Last issue, we saw Johnny Rival—a classmate of Alex Power—plotting to shoot him because Rival thought Power was a mutant.  In this issue, he takes action but happens to do so while Spider-Man and Hobgoblin are nearby, getting the villain’s attention. 

Hobgoblin snatches the two boys up to try to lure Spider-Man away from stopping a Hobgoblin-protected drug deal.

I like the panel above because it establishes everything you need to know, but if I were grabbed by a frightening looking guy on a jet glider and flown hundreds of feet in the air, the last thing I’d be doing is continuing to squabble with my schoolmate.

Anyway, all ends ok.

Spidey saves the day, and even helps Alex Power come to terms with the fact that he didn’t use his disintegrating power (remember, the teams’ powers were recently switched) to hurt or kill Hobgoblin doesn’t mean he’s chicken, it means he respects life.
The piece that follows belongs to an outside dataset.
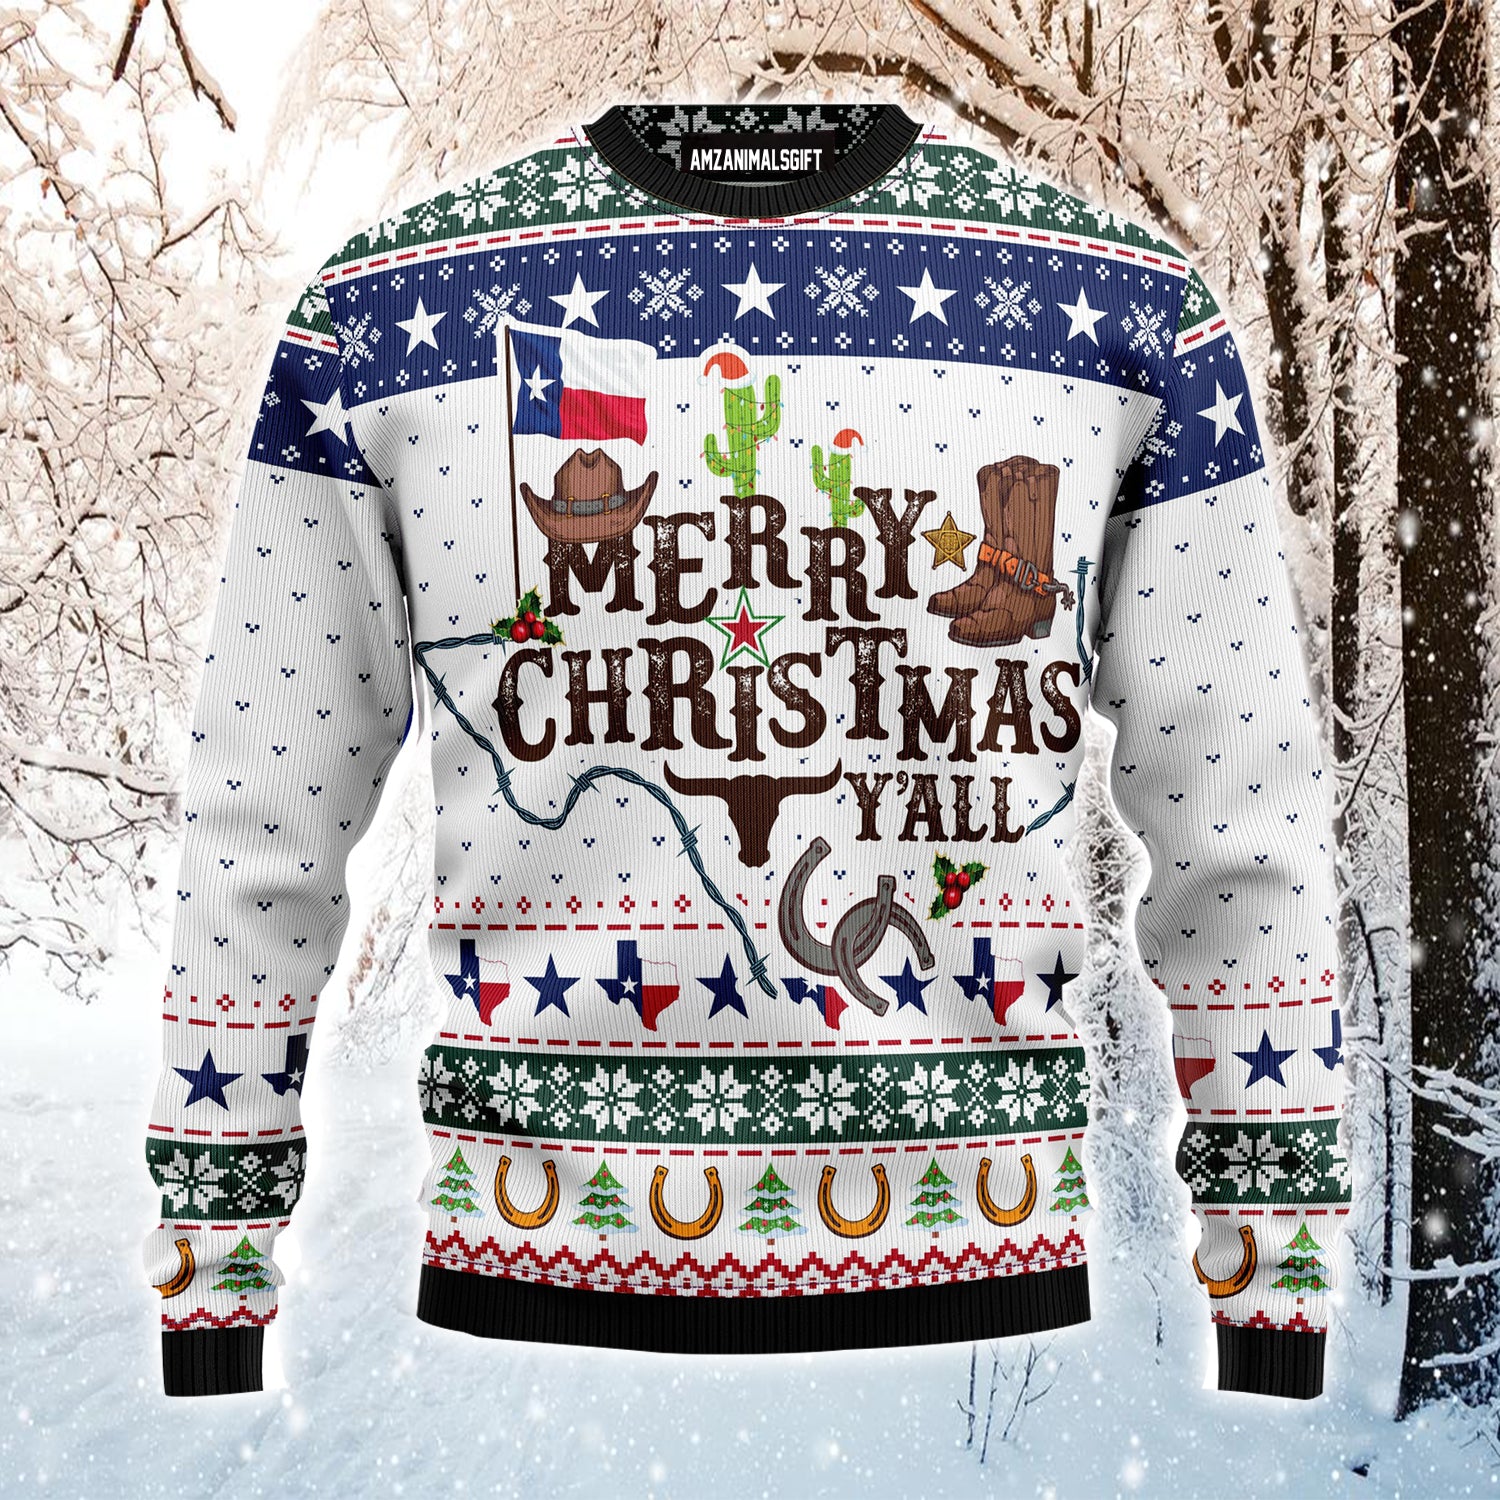 Merry Christmas Y'all Texas Ugly Christmas Sweater, Funny Christmas Ugly Sweater For Men & Women - Perfect Gift For Christmas, Texas Lovers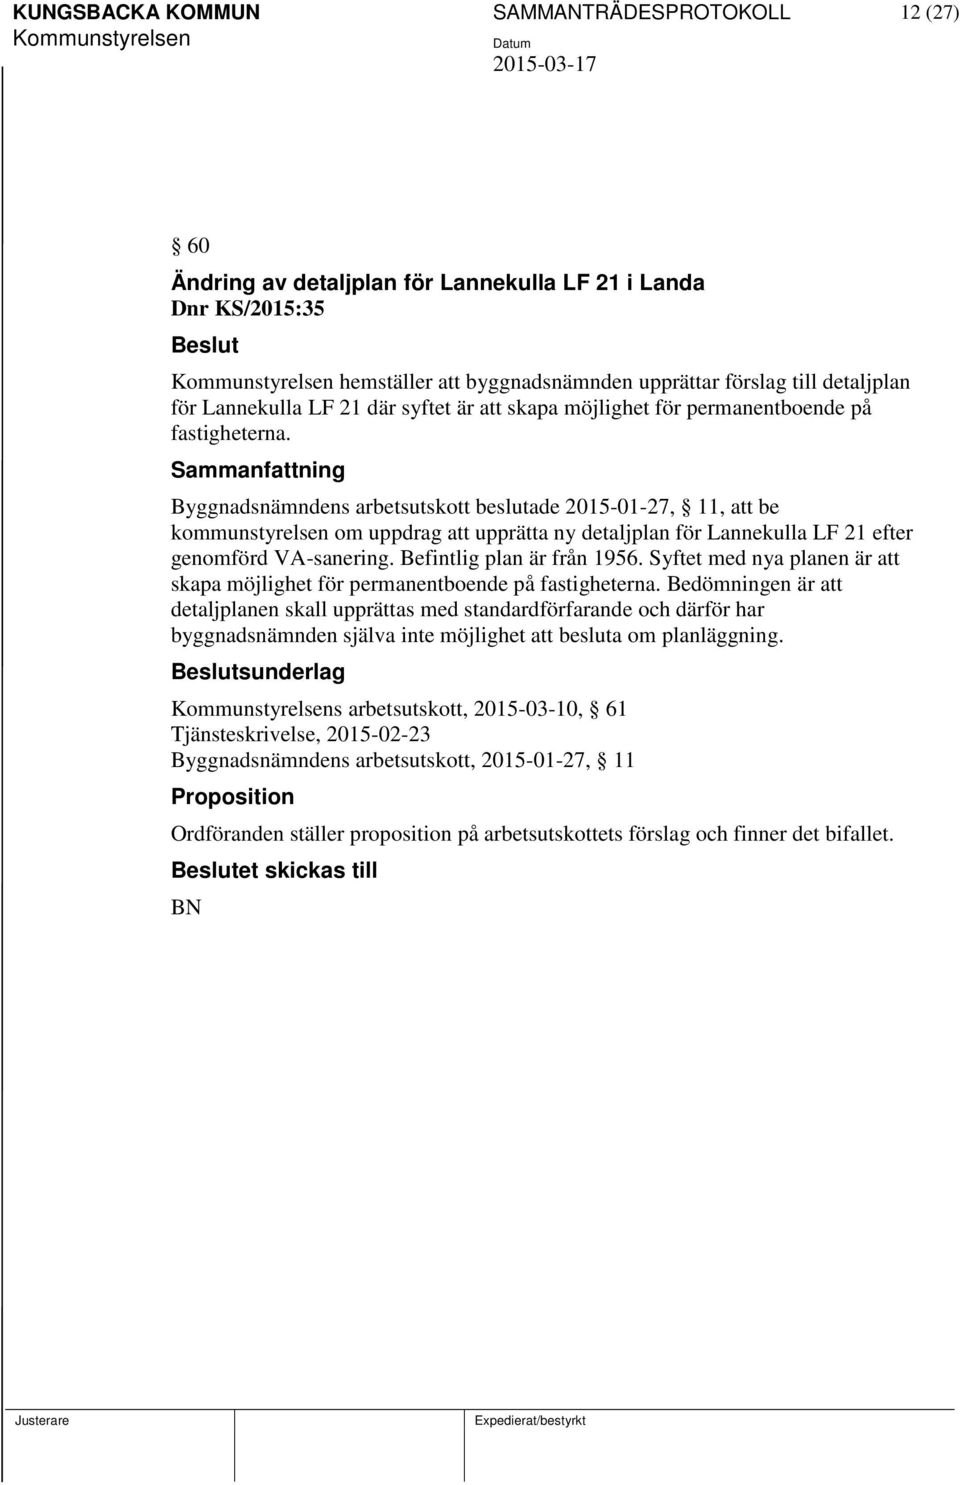 Byggnadsnämndens arbetsutskott beslutade 2015-01-27, 11, att be kommunstyrelsen om uppdrag att upprätta ny detaljplan för Lannekulla LF 21 efter genomförd VA-sanering. Befintlig plan är från 1956.

To illustrate, he tells Alex the story of Gwen Stacy and the Green Goblin.  It’s a nice way to show how Spider-Man is now an adult, where he used to be a kid learning to use his powers (like Alex Power), and to tie the Green and Hobgoblins together.  Lots of good through lines there.

It also resolves the Johnny Rival storyline because he now believes that Alex doesn’t have powers and isn’t a mutant.  Strangely, Alex just forgives him and they walk away together—now friends, despite that Johnny literally was going to shoot Alex just a few pages earlier.  The resolution is a little simplistic—and I’ve come to expect better from Louise Simonson, who writes the hell out of this comic, month after month.

A nice touch: WGBS news is on the TV, with an anchorman who can only be Clark Kent.